Tait said nothing at the moment, and shortly afterward they parted, Larcher to seek his guardian in Lincoln's Inn Fields, Tait to return to his chambers.

"Humph!" said the latter thoughtfully, "there will be no theater for us to-night. I don't like the look of things at all. The deuce take Margaret Bezel!"


CHAPTER III.

THE REVELATION OF FRANCIS HILLISTON.

Once upon a time popular imagination pictured a lawyer as a cadaverous creature, arrayed in rusty black, with bulging blue-bag, and dry forensic lore on his tongue. So was the child of Themis represented in endless Adelphia farces; and his moral nature, as conceived by the ingenious playwright, was even less inviting than his exterior. He was a scamp, a rogue, a compiler of interminable bills, an exactor of the last shilling, a legal Shylock, hard-fisted and avaricious. To a great extent this type is a thing of the past, for your latter-day lawyer is an alert, well-dressed personage, social and amiable. Still he is looked on with awe as a dispenser of justice,—very often of injustice,—and not all the fine raiment in the world can rob him of his ancient reputation: when he was a dread being to the dwellers of Grub Street, who mostly had the task of limning his portrait, and so impartial revenge pictured him as above.

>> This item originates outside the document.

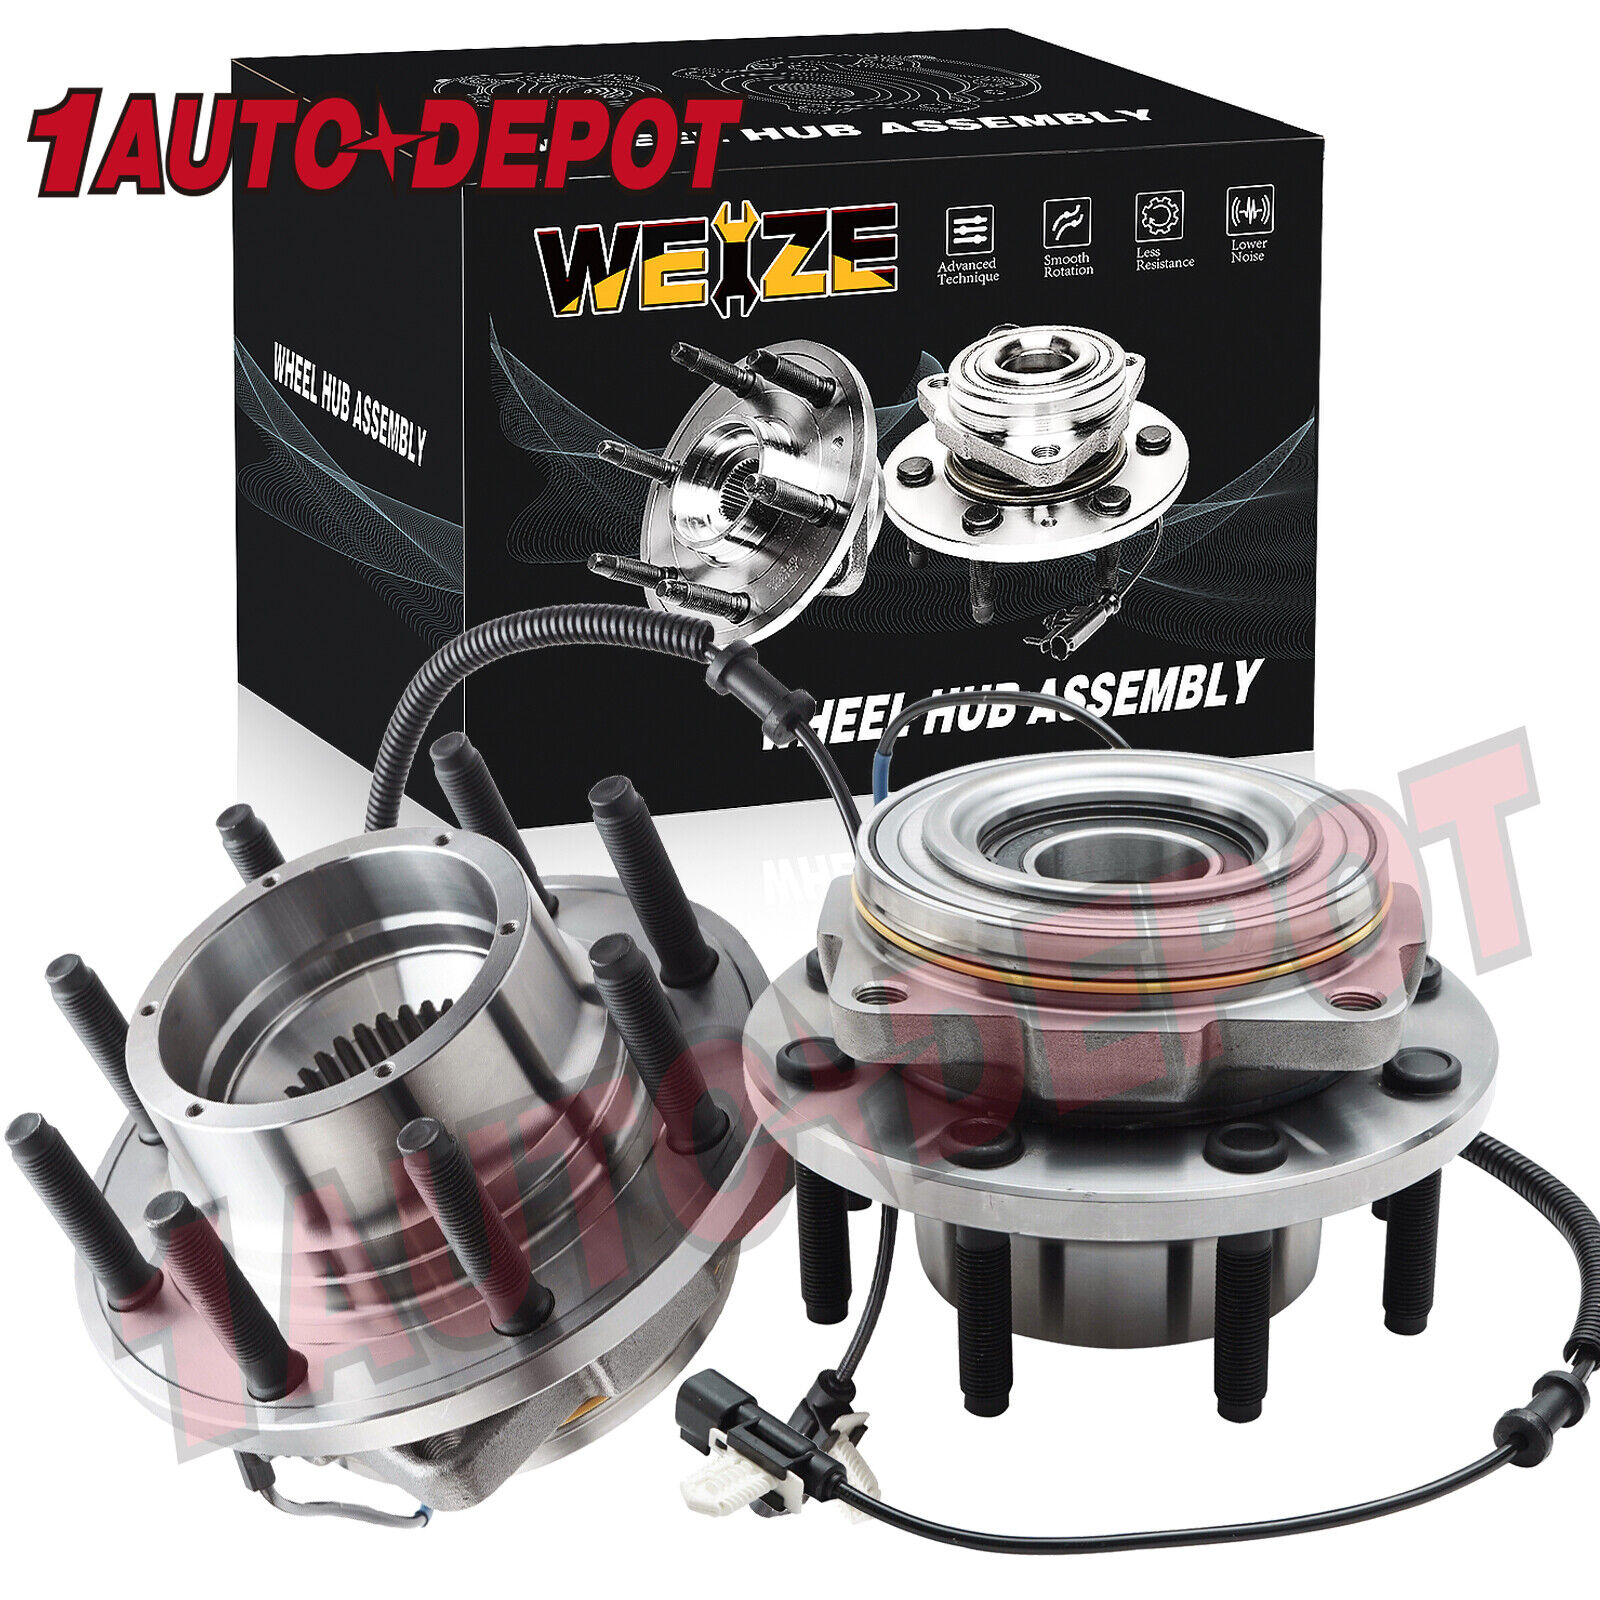 4WD Front Wheel Bearing Hubs for 2011 - 2016 Ford F-250 F-350 Super Duty SRW x2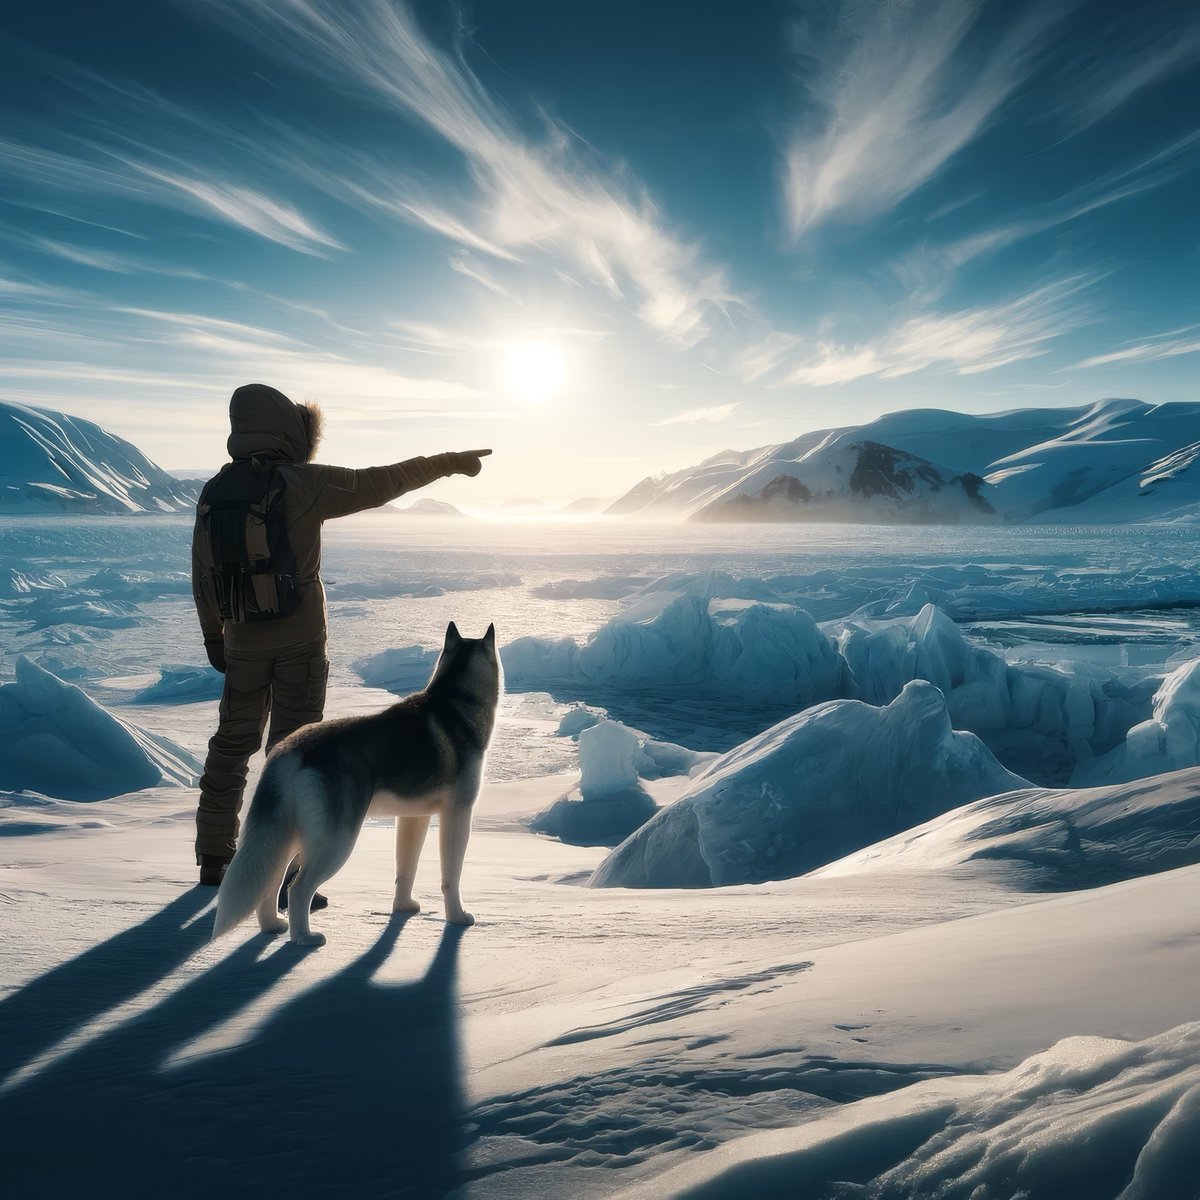 Good afternoon from the Arctic! ☀️ Even the mightiest glaciers evolve, and so do we. Sisu and I traverse this ever-changing landscape, finding new trails in the familiar. Adaptation is our greatest skill. 🐾 Embrace change, for it is the path to new discoveries. ✨

All of which preamble leads up to the fact that Francis Hilliston was a lawyer of the new school, despite his sixty and more years. In appearance he was not unlike a farmer, and indeed owned a few arable acres in Kent, where he played the rôle of a modern Cincinnatus. There he affected rough clothing and an interest in agricultural subjects, but in town in his Lincoln's Inn Fields' office he was solemnly arrayed in a frock coat with other garments to match, and conveyed into his twinkling eyes an expression of dignified learning. He was a different man in London to what he was in Kent, and was a kind of Dr. Jekyll and Mr. Hyde for moral transformations. On this special occasion frock-coated legality was uppermost.

Yet he unbent for a moment or so when receiving Claude Larcher, for childless himself, the young man was to him a very Absalom; and he loved him with an affection truly paternal. No one can have the conduct of a child up to the age of twenty—at which period Claude made his début in the engineering world, without feeling a tugging at the heart strings. Had Larcher been indeed his son, and he a father in place of a guardian, he could have scarcely received the young man more warmly, or have welcomed him with more heartfelt affection.

But the first outburst over, and Claude duly greeted and seated in a convenient chair, Mr. Hilliston recurred to his legal stiffness, and, with no smile on his lips, sat eyeing his visitor. He had an awkward conversation before him, and was mentally wondering as to the best way of breaking the ice. Claude spared him the trouble by at once plunging headlong into the subject of Margaret Bezel and her mysterious letter.